O principal aprendizado que Sandra teve nessa segunda vez em Mumias é que bons conselhos são importantes; mas que nossas ações são muito mais! “O que você está fazendo para mudar o mundo? O que você tem feito na sua comunidade? O Brasil está lotado de esquinas que precisam de ajuda. Todo mundo pode ajudar todo mundo o tempo todo. Talvez, as pessoas só tenham que descobrir melhor o que elas gostam e sabem fazer para colocar isso em prática. Temos que partir do micro para o macro. Não adianta acreditar que um grupo de políticos vai resolver a vida de todo mundo. A gente precisa se ajudar mais”, opina.
“Minha mã nunca me limitou ou me restringiu. Eu, de verdade, não consigo pensar em alguma vez em que minha mãe simplesmente não me deixou fazer algo. Então, como ela sempre me criou com asas, nunca a vi como uma figura autoritária. Hoje, eu chego da balada às 6h já gravando áudio. Literalmente, tudo o que eu conto para as minhas amigas, eu conto para a minha mãe, com todos os detalhes”, revela Talita, que adora viajar e ir para shows com sua parceira.
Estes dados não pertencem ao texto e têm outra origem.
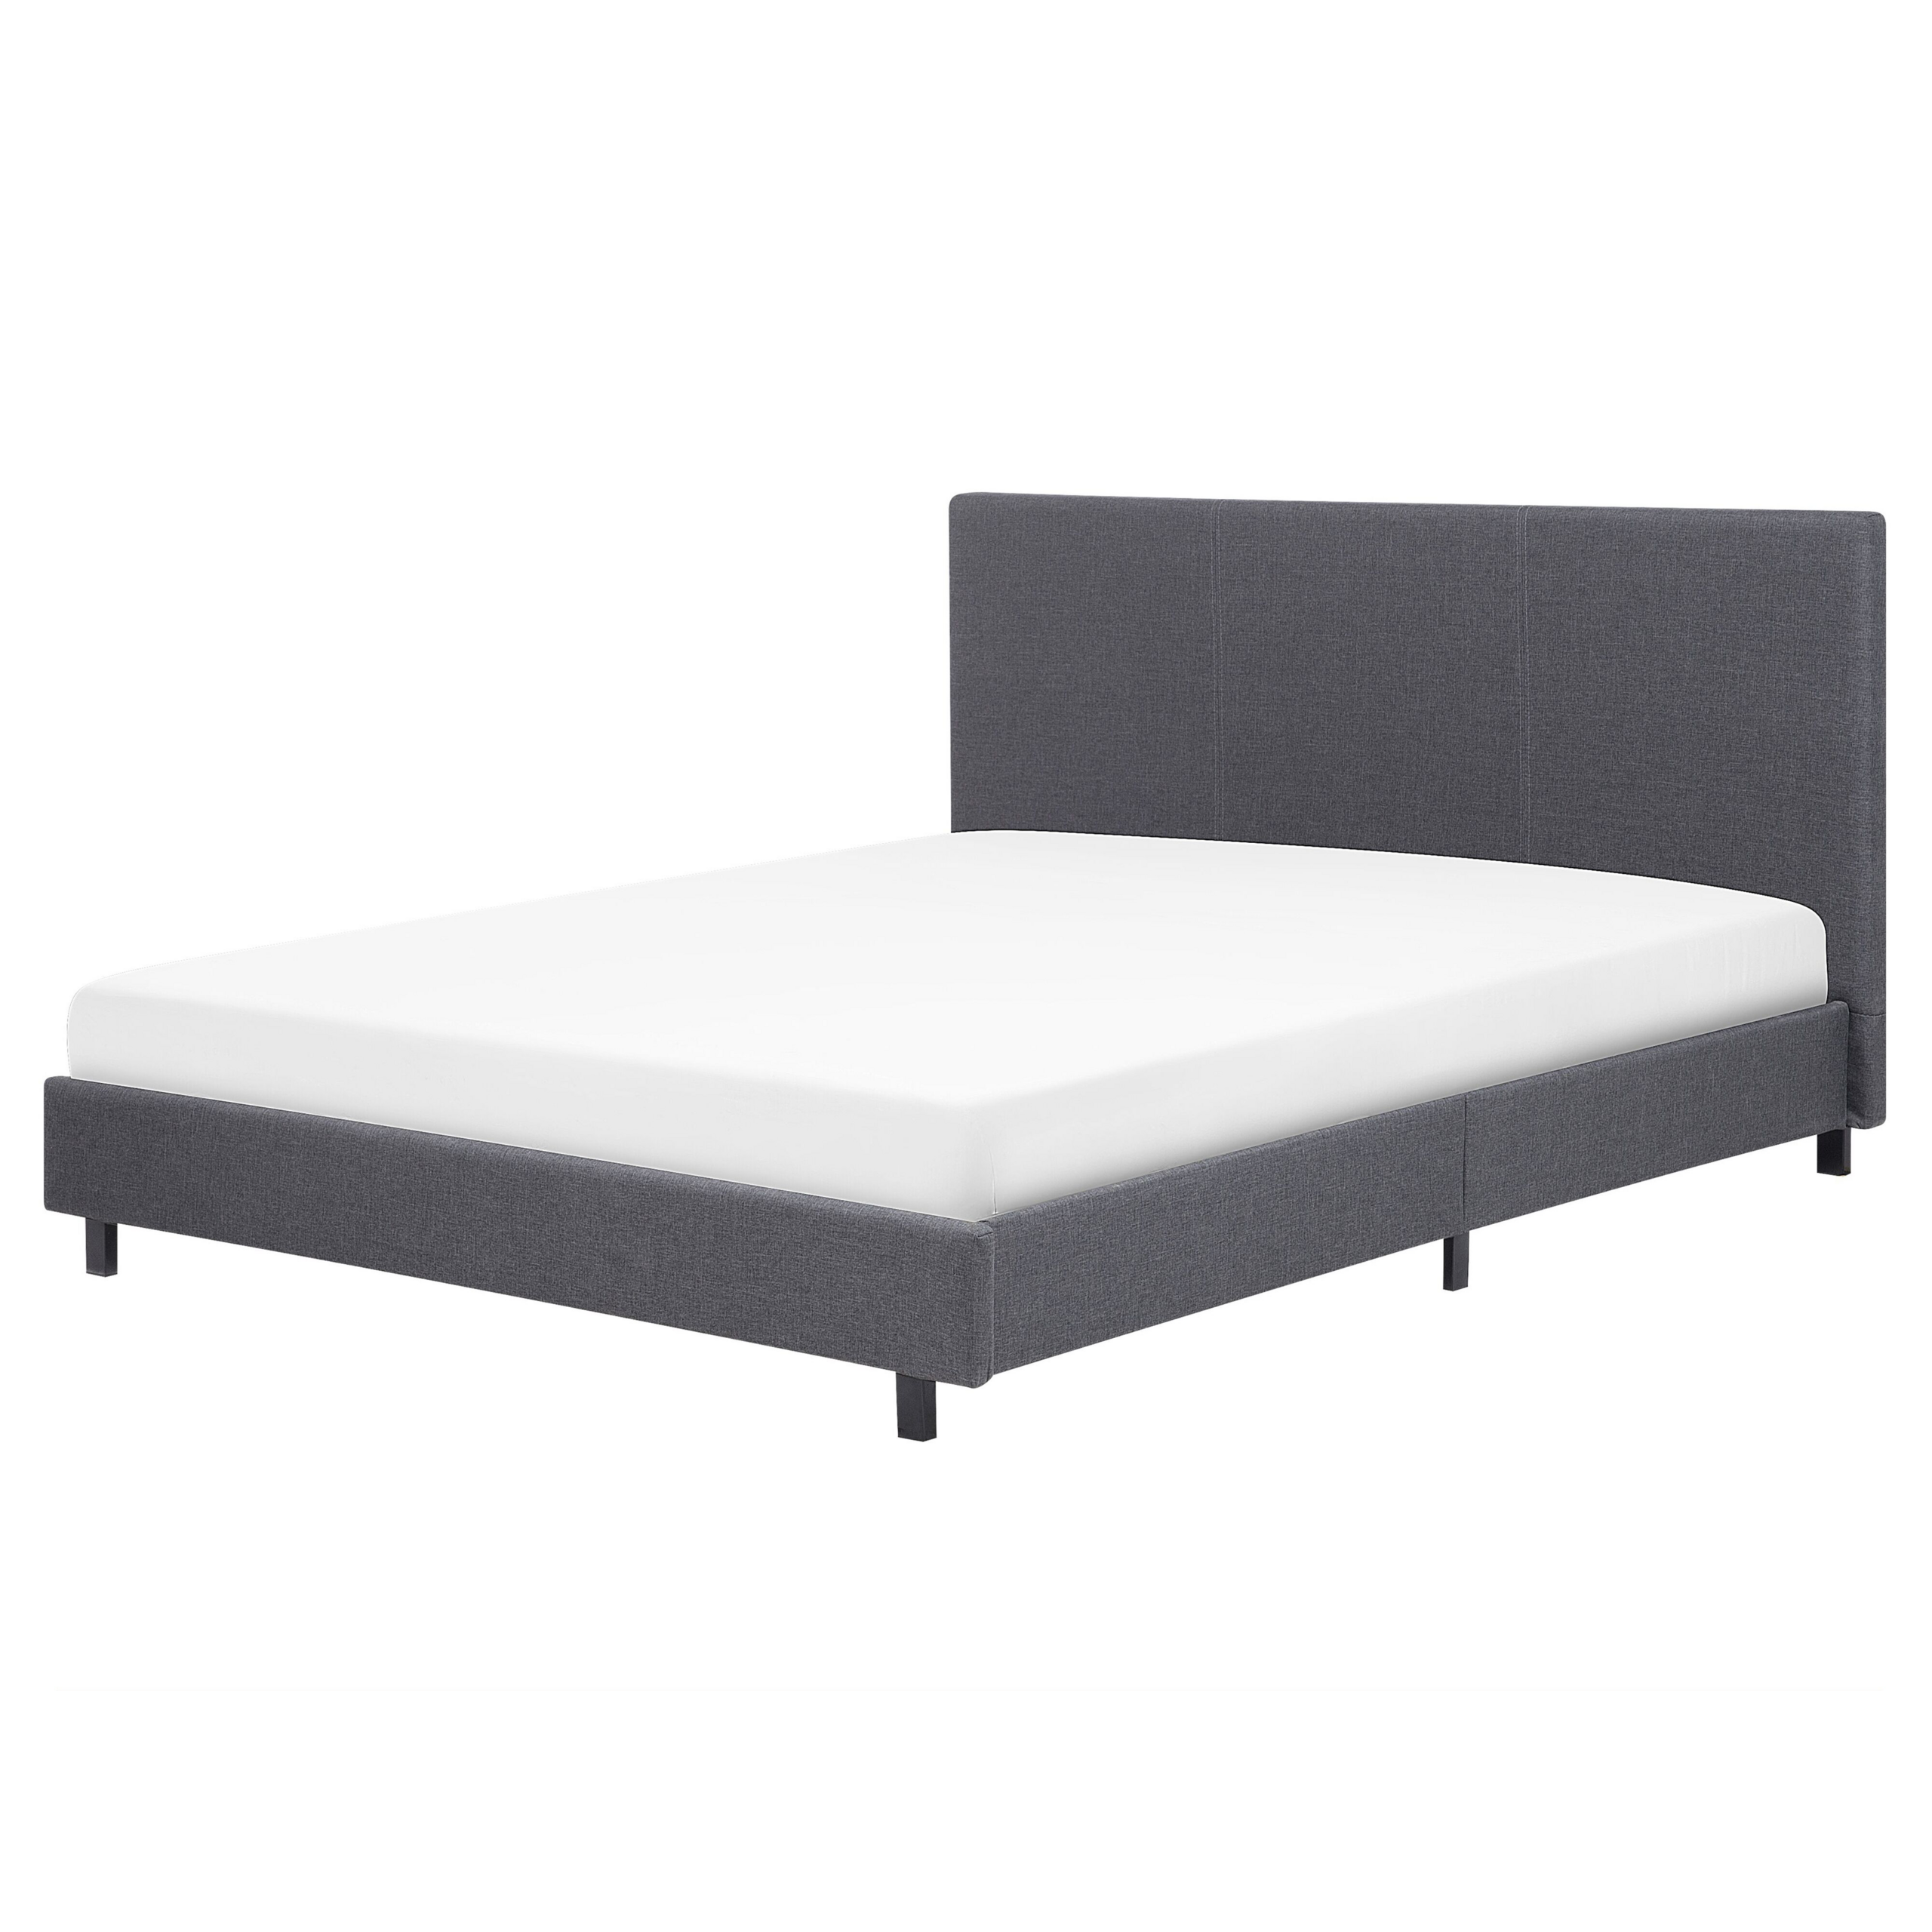 Beliani Slatted Bed Frame Grey Polyester Fabric Upholstered 5ft3 EU King Size Modern Design

Sandra acredita que nunca precisou fazer cobranças, porque a filha sempre acompanhou o esforço que a ela fez e faz no dia a dia, aprendendo na prática toda essa disciplina que ela acaba tendo com as responsabilidades dela também. “A Talita é uma mulher que aproveita as oportunidades que a vida traz. Eu busquei, na medida do possível, oferecer para ela as coisas que eu não tive, proporcionar para ela uma adolescência mais saudável. E ela correspondeu às expectativas! Ela é uma pessoa que aproveita cada segundo: todo dia é o melhor dia, todo show é o melhor show. Ela é aquela pessoa que, quando está em um lugar, está presente“, orgulha-se.
Do “apartamentinho” em São Paulo a eurotrips, de famílias tradicionais a mães solo, não existe uma constituição exata de lares saudáveis. Sandra não teve uma boa relação com sua mãe, e precisou se blindar desde muito nova para que sua saúde mental não fosse o tempo todo atingida, mas hoje ressignifica essa estrutura familar ao lado da filha e dá sua visão como educadora sobre relações tóxicas entre parentes: “Por exemplo, em cursos de formação de professores, gosto de dizer que não existe criança problema; existe criança desafio. Às vezes, ela faz o que faz para chamar a atenção e, no instante em que conhecemos os pais dela, paramos de cobrar aquela criança, porque ela é só um reflexo do que ela tem em casa. Não tinha como ser diferente, sabe? Para esses casos, defendo que a terapia deveria ser em conjunto. São os pais quem deveriam, inclusive, se presentear primeiro com isso. A gente precisa se ouvir mais”, afirma.